Walking in snow, when you are as challenged as I am, is like walking in sand.  Every step is not only more difficult, but more challenging to my balance muscles so that I don't slip and fall. 

On top of the added challenges outside my home, I live in a half-underground apartment which requires me to climb up and down six steps whenever I go in and out.  That is just another obstacle that is making me stronger.

All in all, I am happy to be home, happy to be more challenged, and just happy in general!

Friday, January 28, 2011

Repost: Brad Burns - What an Inspiration!

I received an email from Brad the other day, so I decided to repost his amazing story!
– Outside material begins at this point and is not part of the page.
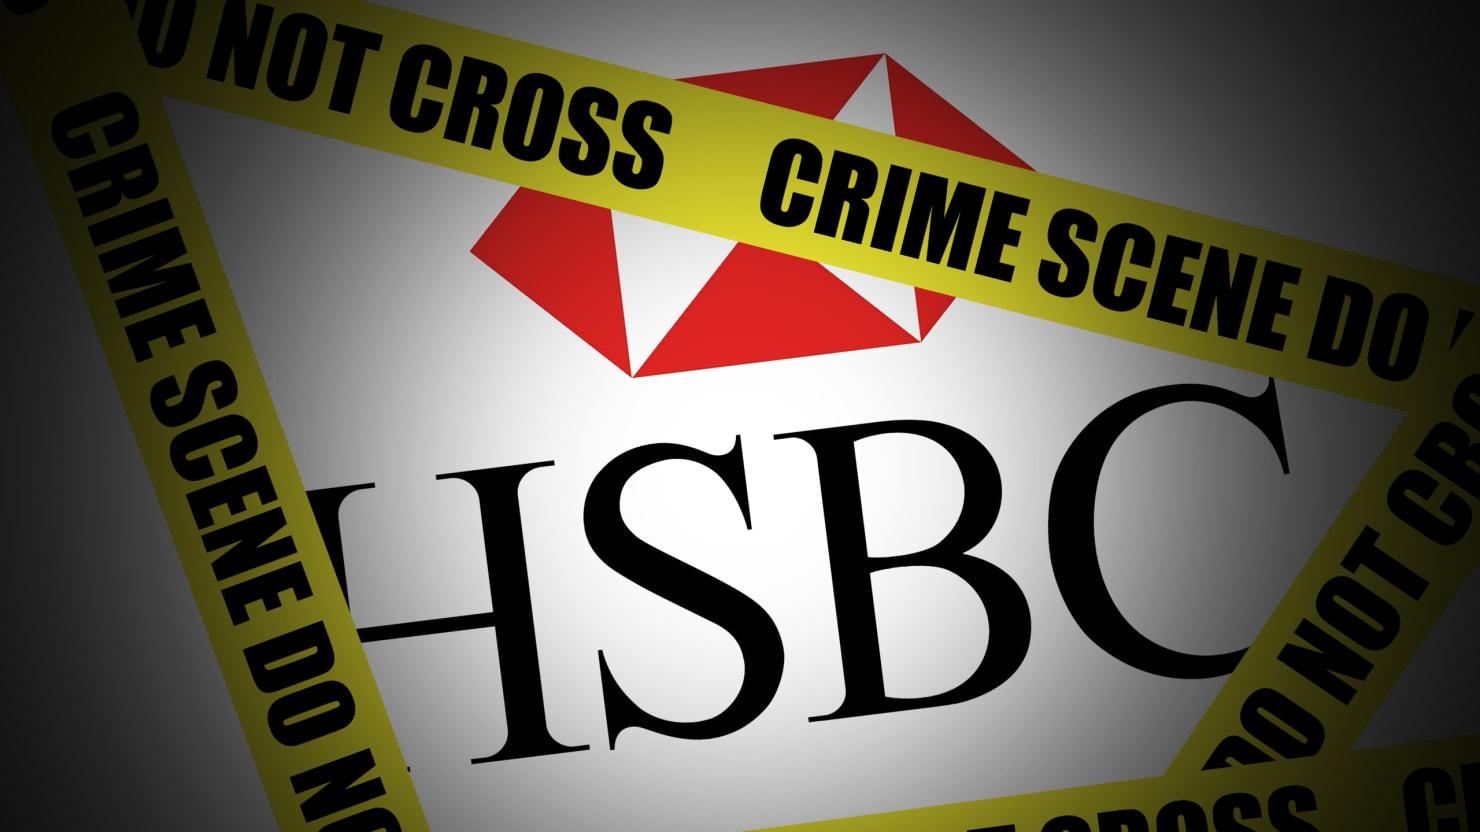 HSBC Got Away With Buying Cocaine Plane

It had been so long since the first post, I had almost forgotten who he was -- shame on me!

"I came across this incredible story via The Christopher & Dana Reeve Foundation and had to share it with you:

"Name: Brad Burns
Injury: Incomplete quadriplegia
Mechanism of Injury: Auto accident
Date of Injury: May 31, 2008

Brad Burns says he is happier now than he was before the auto accident that left him living with quadriplegia in May 2008 at the age of 24 ... and he has a Christopher & Dana Reeve Foundation tattoo to prove it.
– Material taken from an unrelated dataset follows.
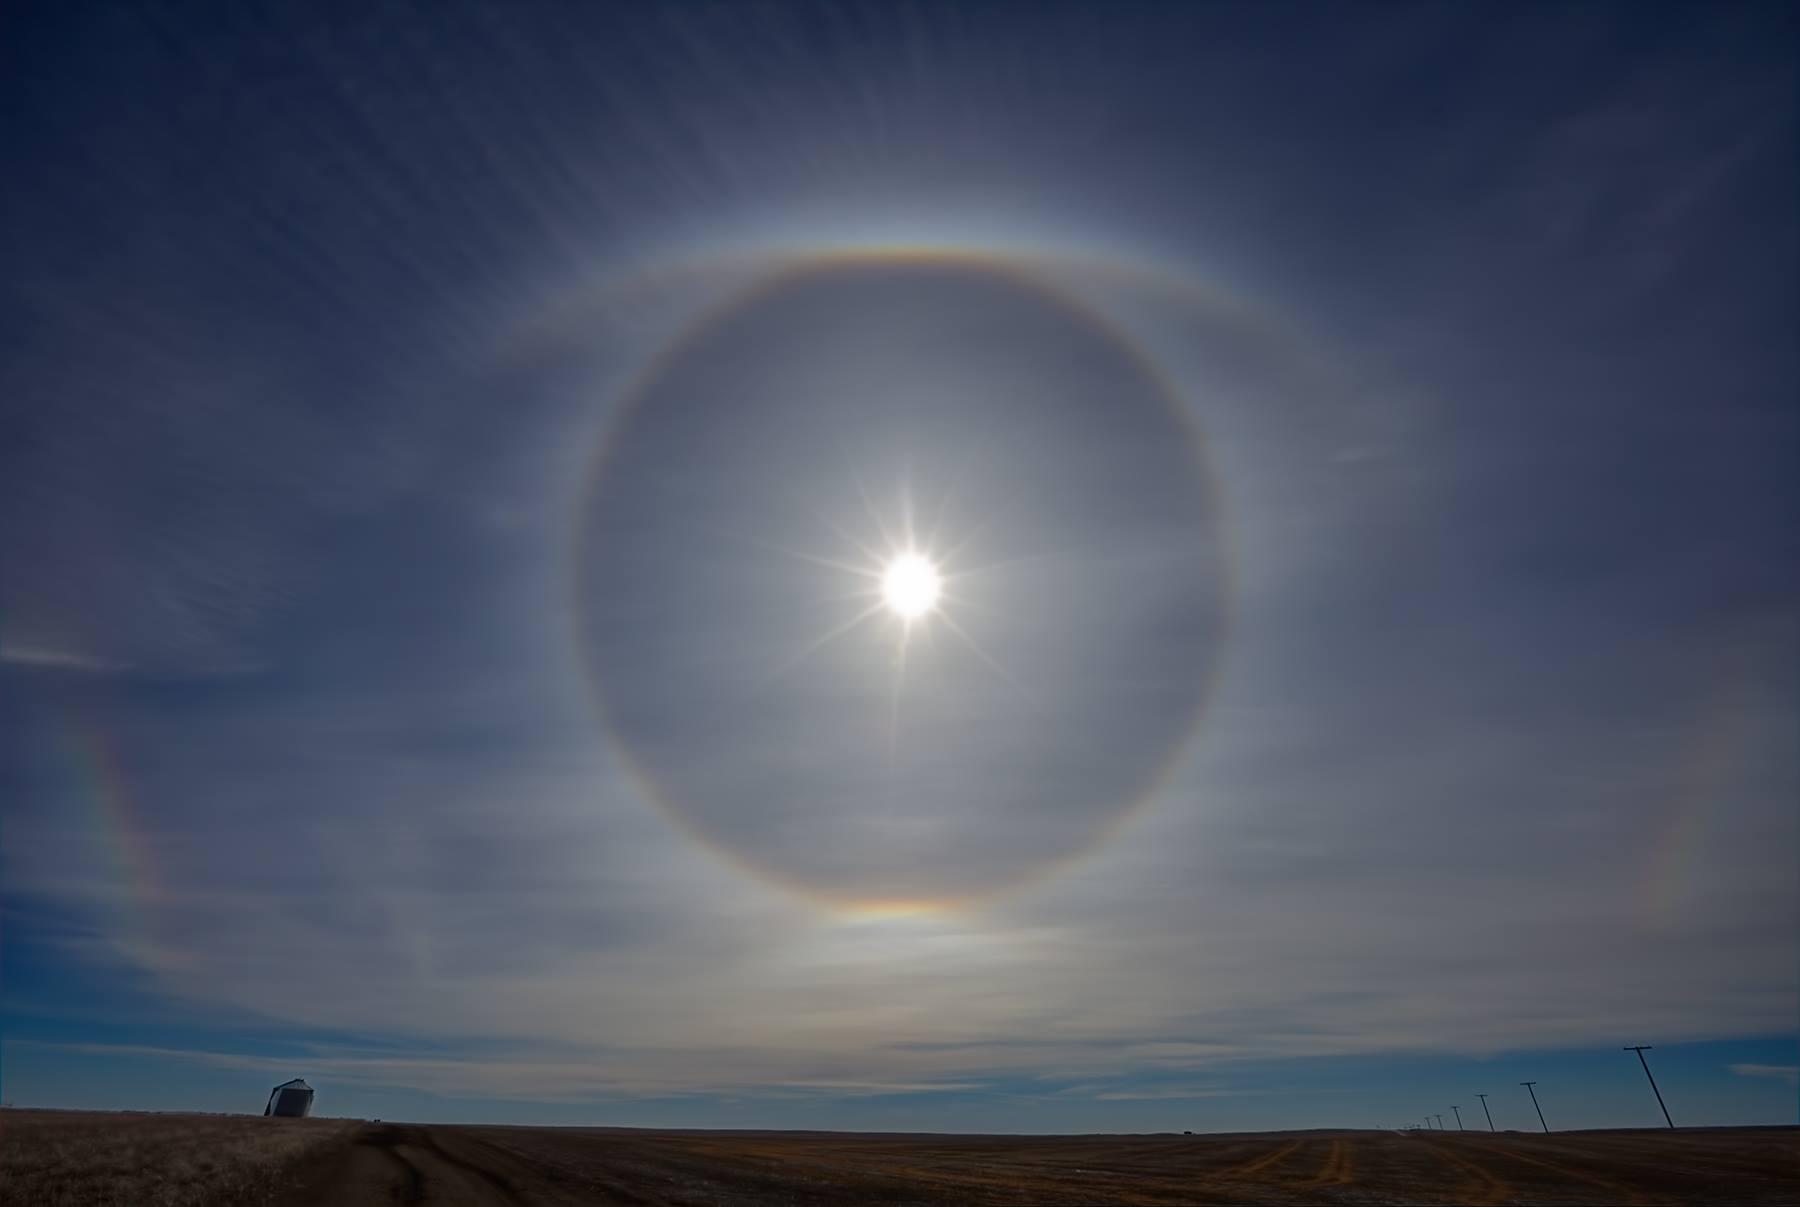 00-ryan-wunsch-eye-in-the-sky-canada-2016

Burns, now 26, went from having his C4, 5, and 6 vertebra fused together, a C5 burst fracture, broken right ribs, lacerated lungs, two torn muscles in his right deltoid, and an open-book fracture of his pelvis, to now being able to walk independently with just a front-wheeled walker."


Read the rest of this incredible story here:  Nothing's Impossible

What I found particularly interesting is how they initially got him up and walking.  I've heard that doing the motion forces the brain to create new paths if necessary, but I've never seen it actually work in such an amazing way until I read that story!  Wow!  I feel so incredibly happy for him."

And to think he emailed me and told me I'm a fighter!  I am humbled by his kind words because I think he is just incredible!

Wednesday, January 26, 2011

Aurora Borealis

Aurora Borealis timelapse HD - Tromsø 2010 from Tor Even Mathisen on Vimeo.

Home, Finally

I am finally back in Norsk country and it has never felt better!  I have had many laughs so far at all the things I had forgotten about in my 20 years of being away; for instance, up here they say "pop" and down south they say "soda".  Up here around this time of year when it hits above zero degrees it's a heat wave, down south if it drops to twenty degrees the entire state panics and shuts down completely.  And, up here in the great state of MN, if you're a weakling, you will never survive.

The most interesting change we have had to make so far was teaching our Chihuahua how to go to the bathroom in the snow!  It took her two days to figure it out, but she finally did and now it's tough to get her inside!

I am looking out my window at the piles of white snow wondering why I ever left.  Yes, it's cold.  Yes, it snows almost all winter long, and yes the sun doesn't shine near as much as it should (in fact, it seems that the only time the sun shines is when the temps hit below zero!), but it is my home and I feel blessed to be back.

People ask me why the heck I moved from Florida back to this tundra, and I simply say because I wanted to come home.  I suppose had I never left I would ask me the same question, but knowing what Florida is really like to live there, I wouldn't go back if you paid me.  A vacation, maybe, to live there, never again.

The best part of all of this is when I left Florida, emotionally I left the old me behind, and physically I actually left my chair behind.  I have been completely without wheels since Jan 5!  I have to say I have done just fine and I don't even miss it.  I just keep getting stronger, yippee!

It has been six months now since I have been walking on a regular basis, and although I am still progressing slowly, I am still progressing. 

It will be up to 30 degrees by the weekend here.  I think I'll go find an ice fishing hole and go swimming!